The Employee Free Choice Act seemed destined to be a relatively narrow clash between unions and employers. But amid the economic downturn, it is turning into a debate over fundamental questions of American capitalism.

After years of girding for this fight, labor supporters and business groups are scrambling after the bill's reintroduction last week to adapt their long-established arguments to suit the crisis. For those opposed to the bill, which would make it easier to form unions, the new message was that it would be a disaster for businesses reeling from the recession.

"In a time when we have an economy that's already struggling, we can't put more burdensome regulations on employers," said Sen. John Thune (R-S.D.). "This is a job killer for our economy when we really don't need it."

The bill's supporters are pointing to the downturn as the ultimate proof of their arguments that labor's decline has helped put the economy out of balance and that only by restoring workers' purchasing power can the nation return to broadly shared prosperity.

"In 1935, we passed the Wagner Act that promoted unionization and allowed unions to flourish, and at the time we were at around 20 percent unemployment. So tell me again why we can't do this in a recession?" said Sen. Tom Harkin (D-Iowa), invoking the pro-labor changes of the New Deal. "This is the time to do it. This is exactly the time we should be insisting on a fairer playing field for people to organize themselves."

The bill, first introduced in 2003, gives workers the choice of whether they want to organize by getting a majority of workers to sign pro-union cards, instead of having to hold secret-ballot elections. As it stands, it is up to employers to decide which method is used, and most require elections. The bill increases the penalties for employers who retaliate against employees and mandates binding arbitration when employers do not agree to a contract within three months after a union election.

Unions say the bill is needed because employers intimidate or retaliate against workers before elections, making the votes something less than true democracy; and because employers often merely go through the motions of negotiating, nearly half of new unions fail to get a first contract. Employers say that forming unions without secret ballots violates American notions of democracy and exposes workers to union coercion. Mandatory arbitration, they assert, is an intolerable intervention.

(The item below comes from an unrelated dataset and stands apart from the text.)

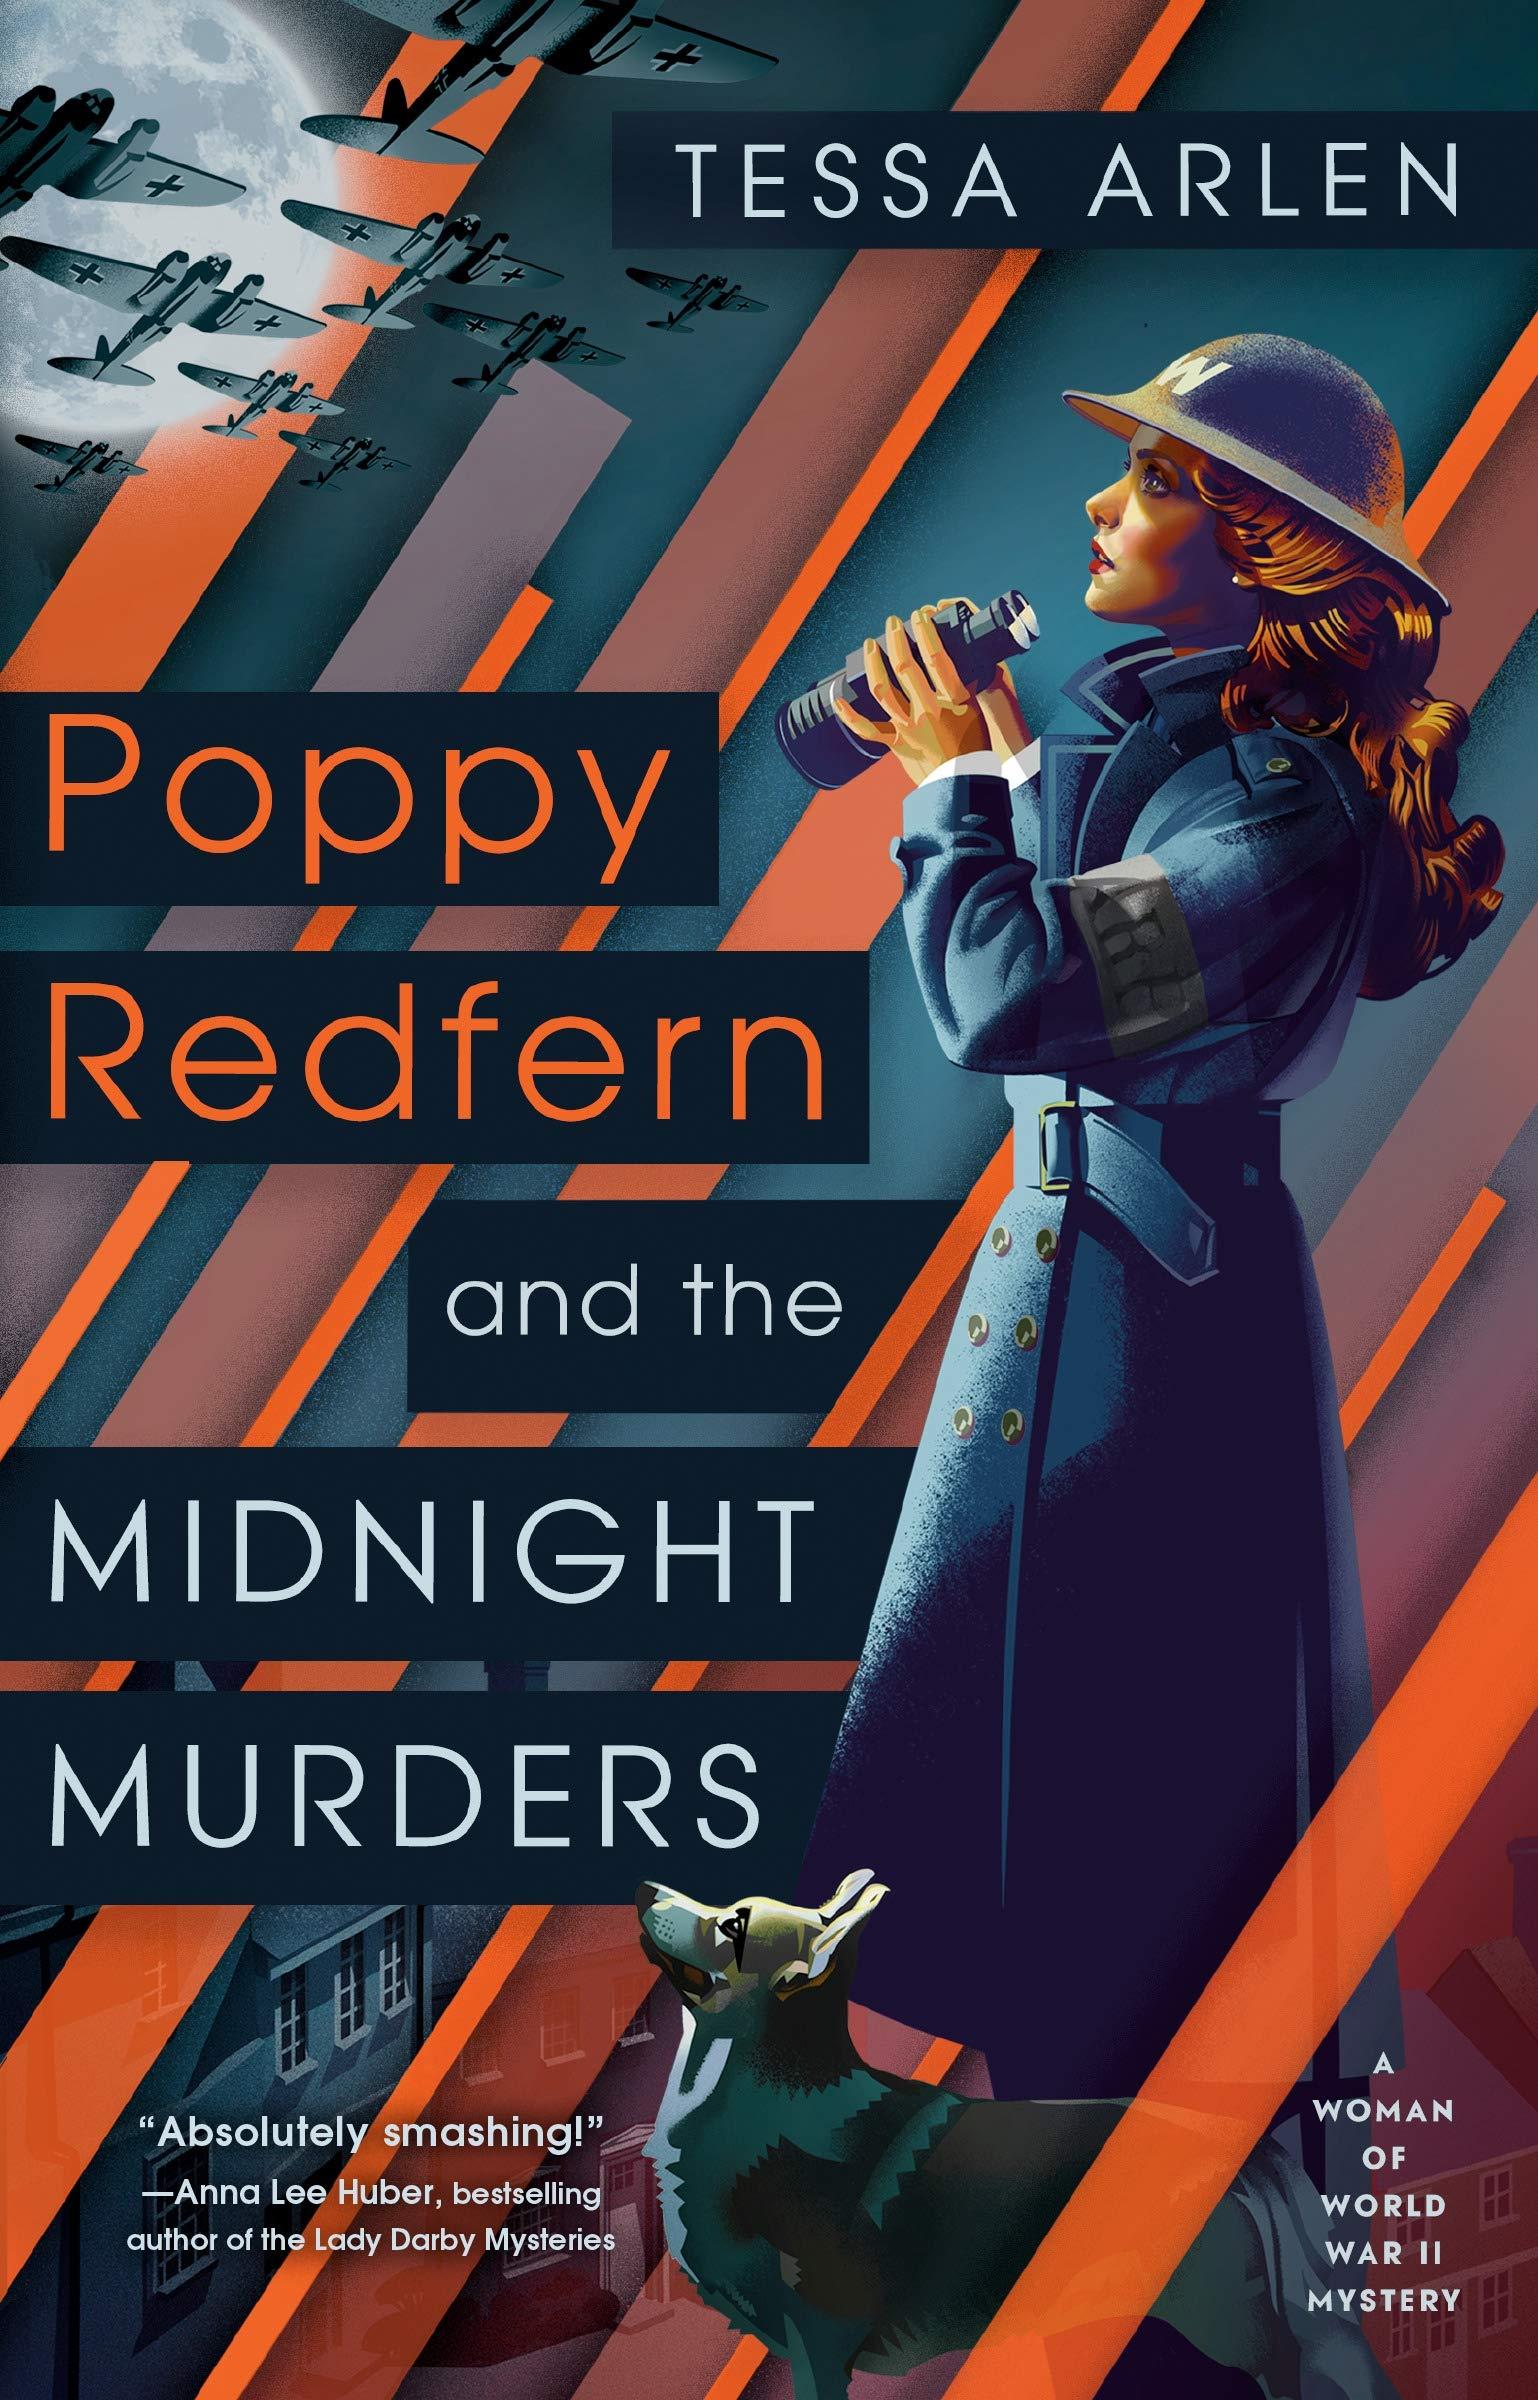 Amazon Com Poppy Redfern And The Midnight Murders A Woman Of Wwii Mystery 9781984805805 Arlen Tessa Books

But the environment in which the bill is being debated has further ratcheted up the rhetoric, revealing a divide as wide as that on any other major issue on President Obama's agenda. The two sides put forth starkly different versions of both history and present-day reality, making it hard to imagine how the two sides could compromise.

The pro-labor version of history starts during the New Deal with the Wagner Act (better known as the National Labor Relations Act), which expanded the rights of private-sector workers to unionize. The Fair Labor Standards Act of 1938 established the minimum wage and 40-hour workweek.

"The truth is that Franklin Roosevelt passed those laws under similar circumstances, and from 1945 to 1974, we had an era where workers' wages and productivity was joined together," said Andrew Stern, president of the Service Employees International Union. "It was probably the most tested economic stimulus of any public policy that has worked for us."

In the telling of labor supporters, the decline in private-sector union membership -- from a peak of 36 percent in the early 1950s to 7.5 percent today, a level not seen since 1900 -- is a result not only of economic shifts but also of an increasingly pro-employer tilt in labor policy. As they see it, the decline of unions has contributed to the growing income inequality over the past three decades, when economic productivity has outpaced wage growth.

Lawrence H. Summers, the National Economic Council director, has long been regarded warily by unions, but in a speech Friday at the Brookings Institution, he made roughly this case for boosting organized labor.